PostgreSQL Foreign Data Wrappers (hereinafter referred to as FDW) is a very useful feature in real database usage scenarios. PostgreSQL’s FDW is similar to Oracle’s dblink and DB2’s Federation, which allows you to establish connections between local and external databases so that you can manipulate external data as if it were local data.

FDW What’s the point

  • Data sharding uses FDW to distribute data across multiple databases to achieve data sharding (e.g. pg_shardman plug-in, which uses postgres_fdw and pg_pathman plug-ins to achieve data sharding).
  • Data synchronization uses FDW to establish a connection between local and external databases to synchronize external data to local at regular intervals.
  • Data Migration Use FDW to establish a connection between local database and external database to perform data migration.
  • ETL (Extract-Transform-Load) uses FDW to extract data from different types of databases into one data warehouse for easy and uniform access.

PostgreSQL FDW Development Overview

In 2003, SQL/MED (SQL Management of External Data) was added to the SQL standard, which provides specifications for external data management.
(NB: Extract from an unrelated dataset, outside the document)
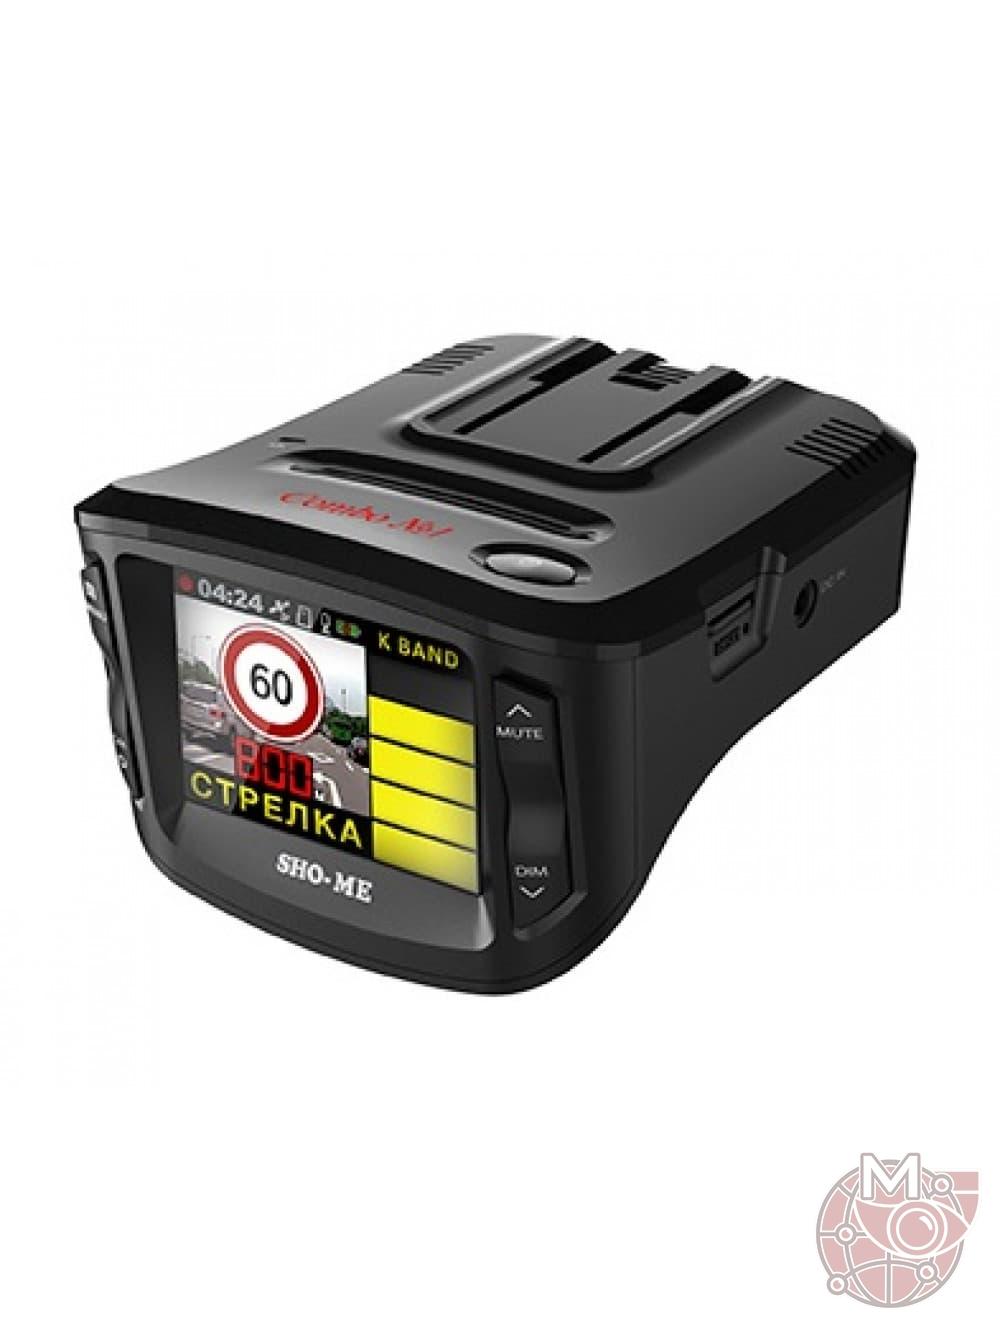 Автомобильный видеорегистратор + антирадар SHO-ME Combo №5 A12

In 2011, PostgreSQL 9.1 was released to support external data reads, and in 2013, PostgreSQL 9.3 was released to support external data writes.

Currently, PostgreSQL (PostgreSQL 14 at the time of writing) provides several extensions to support operations on various types of external databases or files (e.g., postgres_fdw for connecting to external PostgreSQL databases, oracle_fdw for connecting to external Oracle databases, mysql _fdw supports connecting to external MySQL databases, jdbc_fdw supports connecting to external relational databases using the JDBC protocol, file_fdw supports connecting to external files of a specific format, etc.).

PostgreSQL FDW Development Overview

This article focuses only on postgres_fdw, how the PostgreSQL database connects to the external PostgreSQL database and how it manages the external data.

Using postgres_fdw

To use postgres_fdw to access a remote database, there are several steps.

  • Install the postgres_fdw extension
  • Create an external server
  • Create a user map
  • Create an external table or import an external schema

This article uses a local PostgreSQL database to emulate both the remote and local databases. Before starting the formal steps, you need to do a little bit of preparation in advance.

  • Check the PostgreSQL version

    1
    2
    
    $ psql --version
    psql (PostgreSQL) 14.2
    
  • Creating a user in a remote PostgreSQL database

    Use superuser to execute the following statement in the remote PostgreSQL database to create a normal user fdw_user to be used later when the local database establishes an FDW connection.

    1
    
    CREATE USER fdw_user WITH ENCRYPTED PASSWORD 'secret';
    
  • Create a table in a remote PostgreSQL database

    Create the weather table weather for testing in the remote database, insert the test data, and grant the user fdw_user permission to add, delete, and check against the table.

     1
     2
     3
     4
     5
     6
     7
     8
     9
    10
    11
    12
    
    CREATE TABLE weather (
        city        varchar(80), -- city name (城市名)
        temp_low    int,  -- low temperature (最低温度)
        temp_high   int,  -- high temperature (最高温度)
        prcp        real, -- precipitation (降水量)
        date        date  -- date (日期)
    );
    
    INSERT INTO weather (city, temp_low, temp_high, prcp, date)
        VALUES ('Beijing', 18, 32, 0.25, '2021-05-19'),
            ('Beijing', 20, 30, 0.0, '2021-05-20'),
            ('Dalian', 16, 24, 0.0, '2021-05-21');
    
    1
    
    GRANT SELECT,INSERT,UPDATE,DELETE ON TABLE weather TO fdw_user;
    

    Connect locally with user fdw_user to the remote database (this article is special in that it uses both local and remote databases, so the remote host is also localhost) and verify the authorized privileges.

    1
    2
    3
    4
    5
    6
    7
    8
    9
    
    $ psql -h localhost -U fdw_user postgres
    
    postgres=> SELECT * FROM weather;
    city   | temp_low | temp_high | prcp |    date
    ---------+----------+-----------+------+------------
    Beijing |       18 |        32 | 0.25 | 2021-05-19
    Beijing |       20 |        30 |    0 | 2021-05-20
    Dalian  |       16 |        24 |    0 | 2021-05-21
    (3 rows)
    

    Note: For a real remote database, you need to add a record to the pg_hba.conf configuration file of the remote database to firewall the access IP in order to establish a connection locally.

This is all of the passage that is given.